Probability of 1497.00 < X < 1819.00 is 0.34


# 3. Combining normal random variables

![](img/random_variables_p3.png)

In [2]:
MUS = [370, 170]
SIGMAS = [24, 7]

# set None if there is no limit
LOWER_BOUND = None
UPPER_BOUND = 575

# True for summation, False for subscraction
IS_SUM = True

sigma = math.sqrt(sum([sigma**2 for sigma in SIGMAS]))

if IS_SUM:
    mu = numpy.mean(MUS) * len(MUS)
else:
    mu = abs(MUS[0] - MUS[1])

p = calculate_norm_cdf(LOWER_BOUND, UPPER_BOUND, mu, sigma)
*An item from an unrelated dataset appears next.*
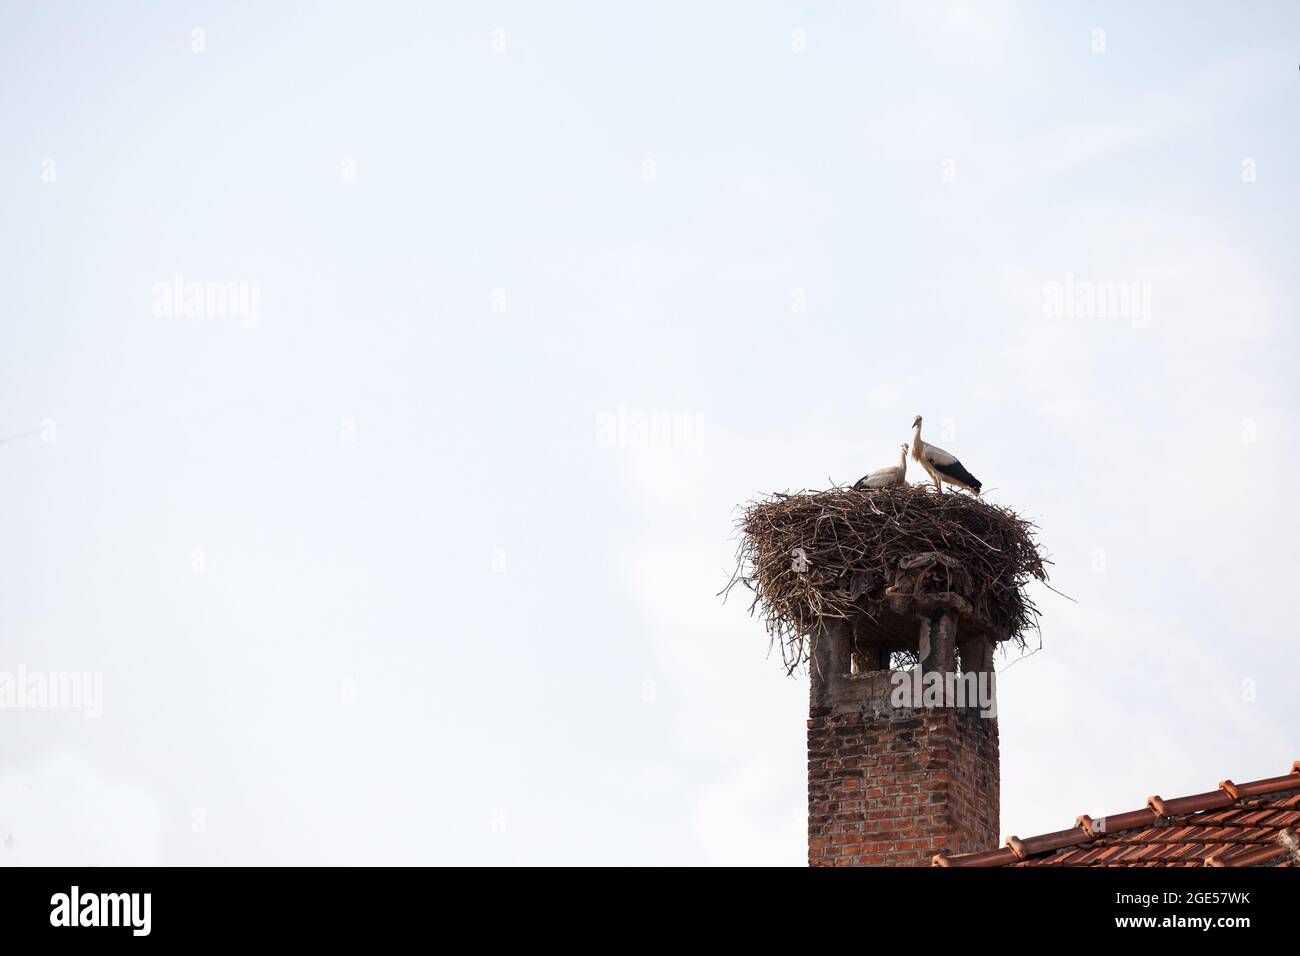 Picture of a storn nest with the bird standing on it during a sunny afternoon. Storks are large, long-legged, long-necked wading birds with long, stou Stock Photo

Probability of -inf < X < 575.00 is 0.92


# 4. Binomial random variables

Conditions for binomial random variables:
* the outcome of each trial can be classified as either success or failure
* each trial is independent
* there is fixed number of trials
* probability **p** of success on each trial remains consistant

Calculating binomial probability:

$\binom{n}{k} \cdot p_{success}^k \cdot p_{failure}^{n-k}$

where

$\binom{n}{k}$ is binomial coefficient (n choose k)

$p_{success}^k$ is probability of success of each independant trial to $k^{th}$ power

$p_{failure}^{n-k}$ is probability of failure of each independant trial to $(n-k)^{th}$ power

![](img/random_variables_p4.png)

In [7]:
TOTAL_TRIALS = 5
SUCCESS_RATE = 0.6

TARGET_LOWER_BOUND = 4
TARGET_UPPER_BOUND = None

def calculate_binom_cdf(lower, upper, trials, success_rate):
    
    lower_bound = lower if isinstance(lower, int) else -math.inf
    upper_bound = upper if isinstance(upper, int) else math.inf
    
    cdf_lower = ss.binom.cdf(lower_bound-1, trials, success_rate)
    cdf_upper = ss.binom.cdf(upper_bound, trials, success_rate)
    interval = cdf_upper-cdf_lower
    
    print("Probability of %.2f <= X <= %.2f successes is %.2f"% (lower_bound, upper_bound, interval))

    return interval

# pmf
if TARGET_LOWER_BOUND == TARGET_UPPER_BOUND:
    probability = ss.binom.pmf(TARGET_LOWER_BOUND, TOTAL_TRIALS, SUCCESS_RATE)
    print("Probability that we have exactly %d sucesses is %.2f" % (TARGET_LOWER_BOUND, probability))
    
# cdf
else:
    p = calculate_binom_cdf(TARGET_LOWER_BOUND, TARGET_UPPER_BOUND, TOTAL_TRIALS, SUCCESS_RATE)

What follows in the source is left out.